39.4 Time of the Essence . Time is of the essence of this Lease with respect to each and every Article, Section and subsection hereof.
39.5 Release of Landlord . If, during the Term of this Lease, Landlord shall sell its interest in the Building or the Complex of which the Leased Premises form a part, or the Leased Premises, then from and after the effective date of the sale or conveyance, Landlord shall be released and discharged from any and all obligations and responsibilities under this Lease (except those already accrued), provided that any successor pursuant to a voluntary, third-party transfer (but not as part of an involuntary transfer resulting from a foreclosure or deed in lieu thereof) shall have expressly assumed Landlord’s obligations under this Lease either by contractual obligation, assumption agreement or by operation of law.
39.6 Rules and Regulations . Landlord or such other person(s) as Landlord may appoint shall have the exclusive control and management of the Common Areas and the Building and shall have the right, from time to time, to establish, modify, amend and enforce reasonable rules and regulations with respect thereto. Tenant agrees to abide by and conform to all such rules and regulations, and to cause its employees, suppliers, shippers, customers, and invitees to so abide and conform. Landlord shall not be responsible to Tenant for the non-compliance with said rules and regulations by other tenants of the Building or the Complex.

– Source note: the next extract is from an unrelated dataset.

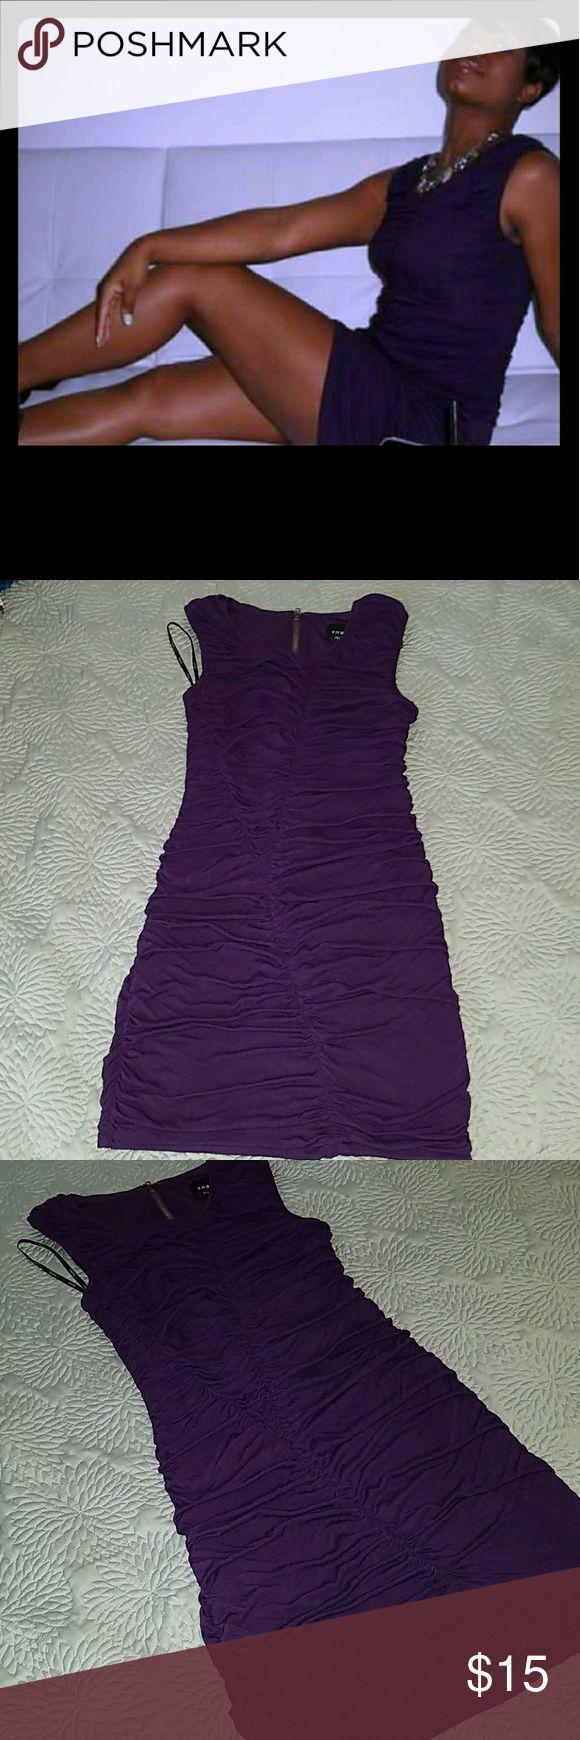 Very sexy purple mini dress! Size medium Very sexy purple mini dress! Size medium Dresses Mini

Notwithstanding the foregoing, Landlord shall uniformly enforce all such rules and regulations amongst all tenants of the Building and the Complex and hereby agrees to use commercially reasonable efforts to ensure compliance with said rules and regulations by all tenants.
39.7 Transfer to Purchaser . If any security be given by Tenant to secure the faithful performance of all or any of the covenants of this Lease on the part of Tenant, Landlord may transfer (along with its interest in this Lease and the Building) and/or deliver the security, as such, to the purchaser of the reversion, in the event that the reversion be sold, and thereupon Landlord shall be discharged from any further liability in reference thereto.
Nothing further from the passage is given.